In a commercial prosthetic fabrication facility, prosthetic sockets are made at a larger scale with at least some aspects of modern assembly methods. Typically, however, even such commercial facilities use manufacturing techniques that are very craft-like and are quite time and labor intensive. Importantly, sockets are not made for specific patients, but rather in a limited range of sizes, with limited sizing and configuration options. Even with adjustability options, typical commercial sockets still remain substantially fixed in shape and circumferential dimensions, particularly at their distal end. As described above, residual limbs and patient needs can change significantly over time, and the adjustability options in commercial prosthetic sockets are often not up to the challenge.
Based on the shortcomings of currently available prosthetic socket manufacturing techniques described above, it would be advantageous to have improved techniques for making prosthetic sockets. Ideally, such techniques would facilitate the manufacture of highly customized prosthetic sockets tailored to the specifics of each patient, while also allowing for larger production, scalable manufacturing. These manufacturing techniques would also need to provide prosthetic sockets of very high quality, durability, and ideally adjustability. Various embodiments of prosthetic sockets that may lend themselves to the manufacturing techniques described herein are described by the assignee of the present application in U.S. patent application Ser. No. 13/675,761 (Pub. No. US 2013/0123940), filed on Nov. 13, 2012; and Ser. No. 14/213,788, filed on Mar. 14, 2014. Both of these references are incorporated in their entireties herein.
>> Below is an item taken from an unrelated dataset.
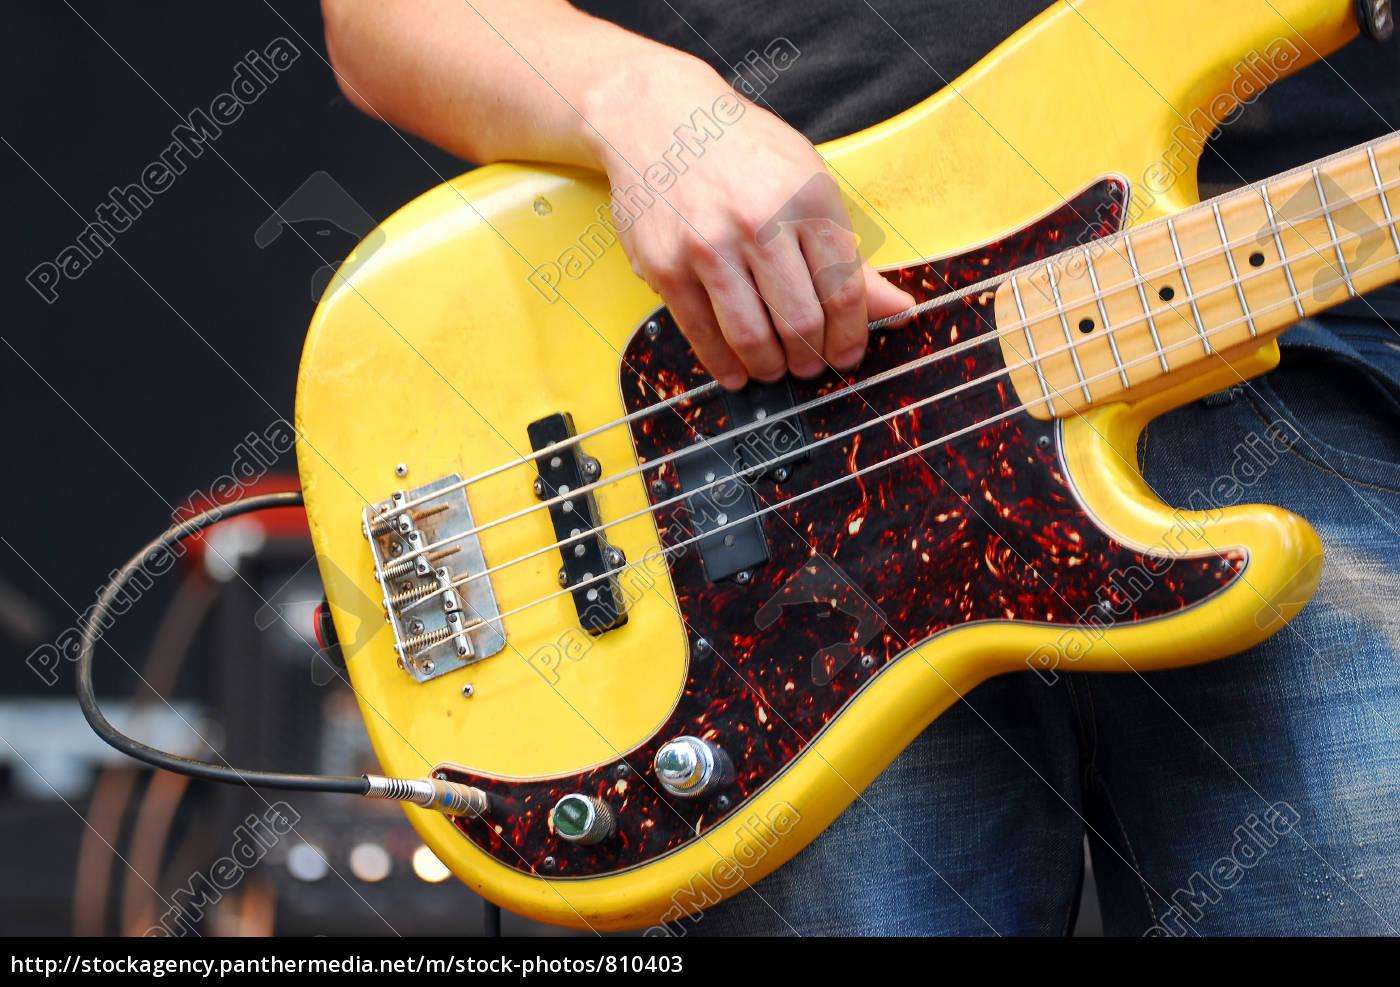 yellow, guitar - 810403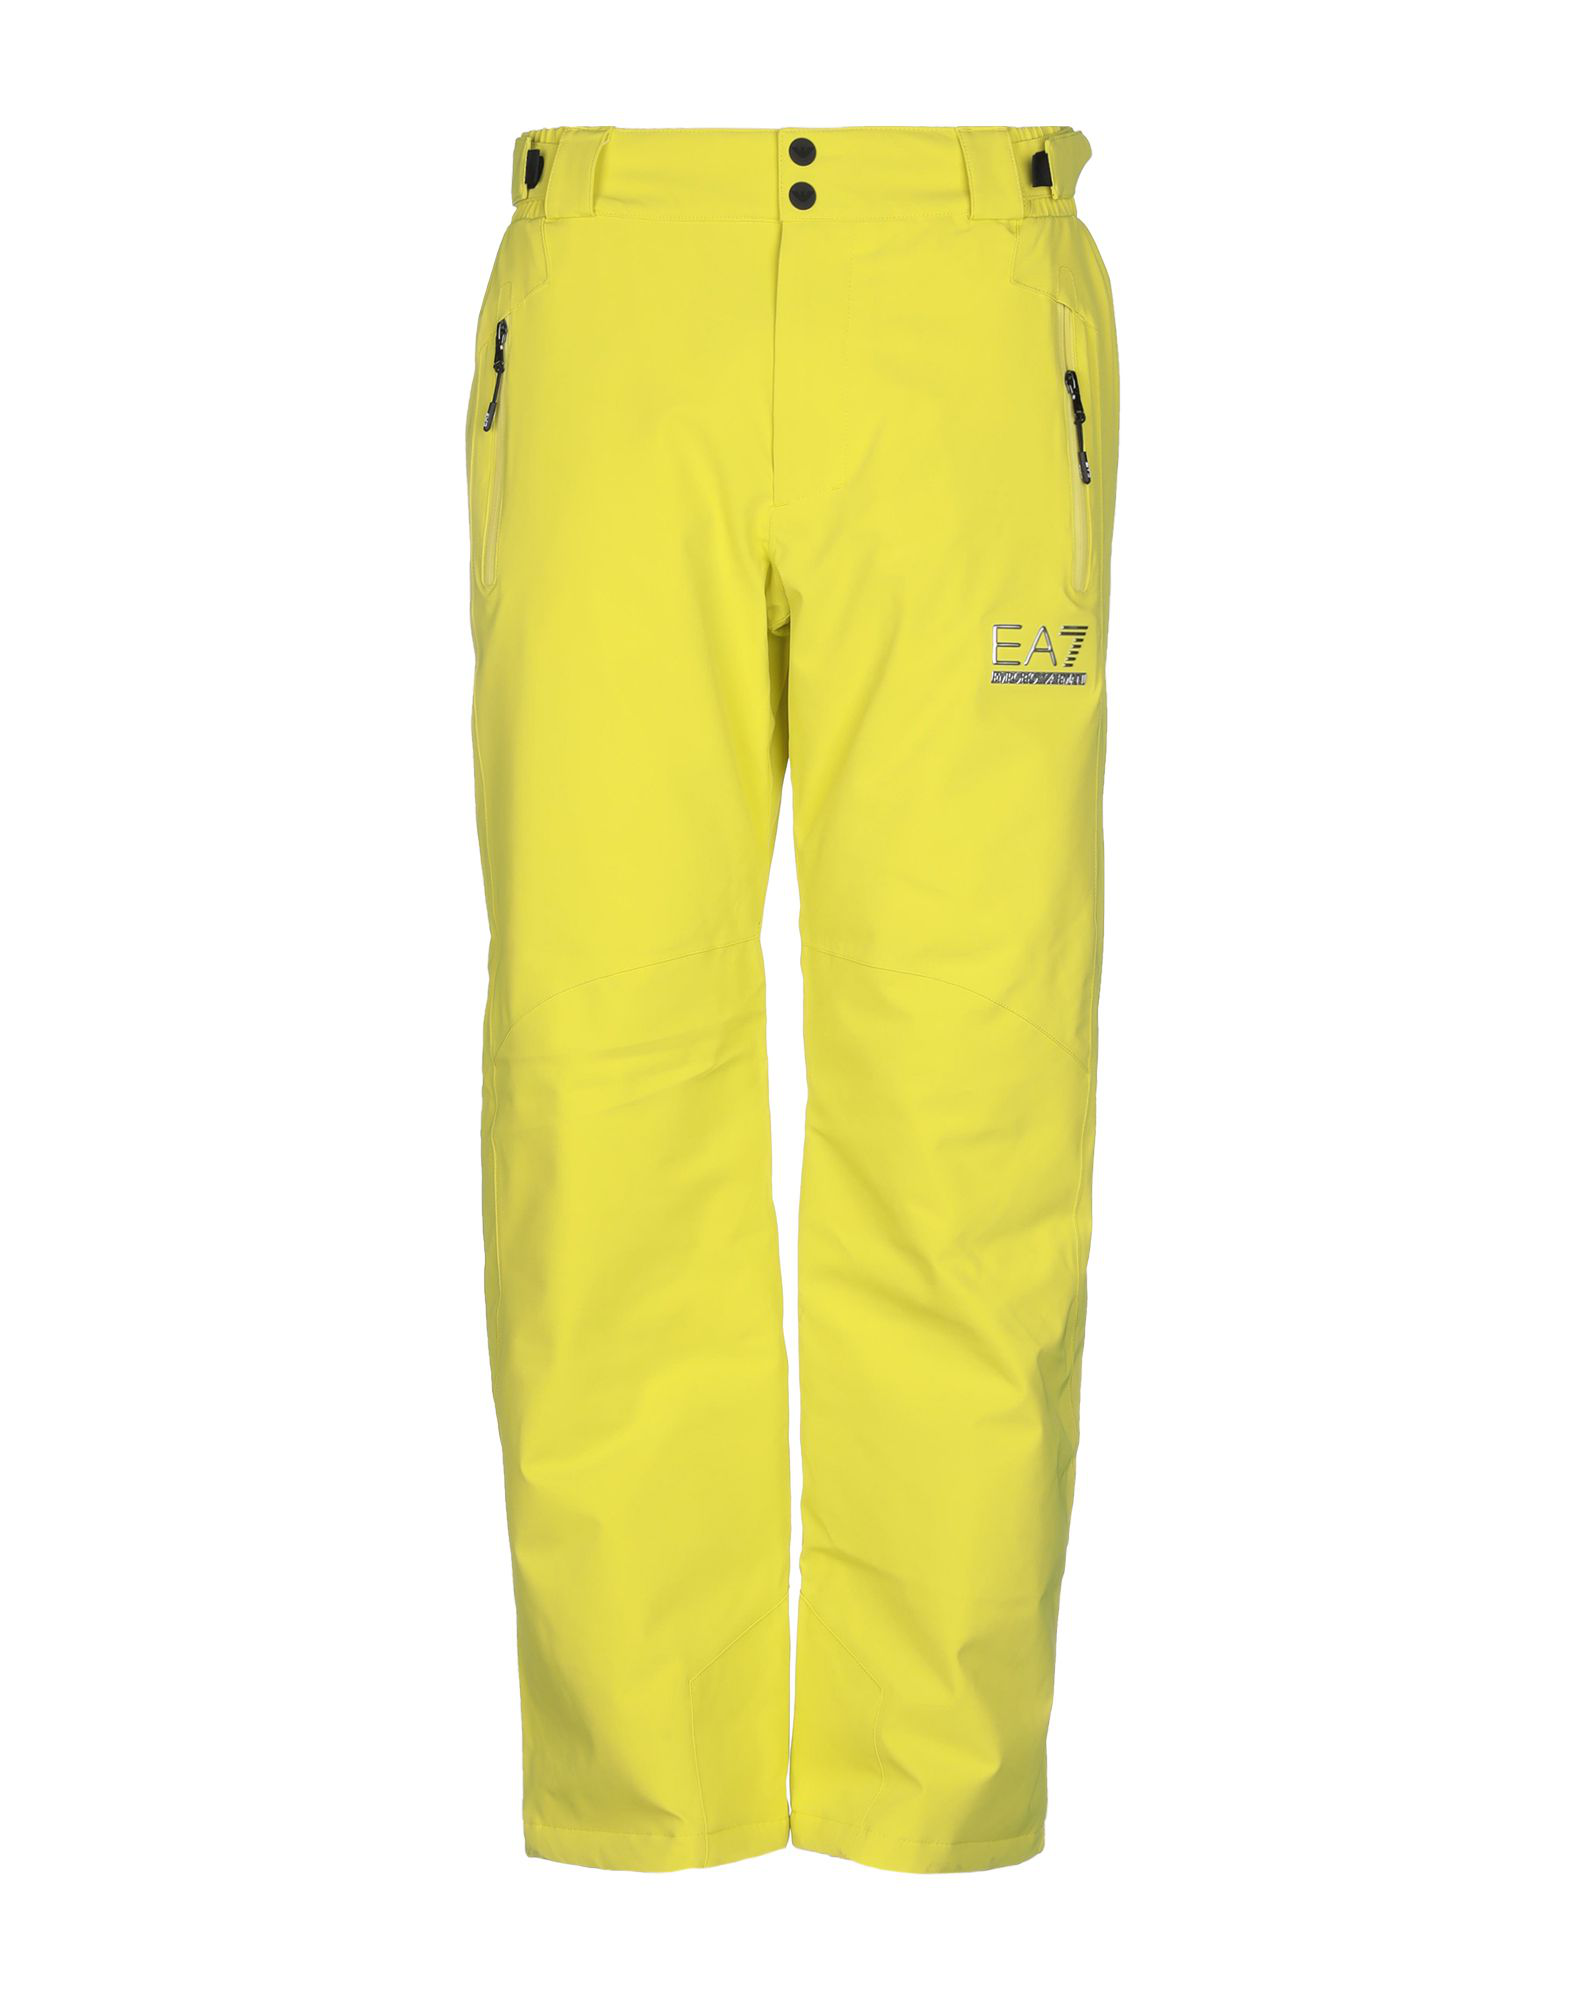 greatvarieties aliexpress hot-selling latest Ski Pants in Yellow

Improved prosthetic socket manufacturing methods would also ideally facilitate the process required for prosthetists, physicians and most importantly patients. Such methods should reduce the amount of time required for a patient to receive a finished prosthetic socket from the first visit to a physician's or prosthetist's office. It would also be ideal if physicians and prosthetists could easily order and quickly receive prosthetic sockets and if patients did not have to undergo multiple fittings, adjustments and the like at the physicians' or prosthetists' offices. At least some of these objectives will be met by the embodiments described herein.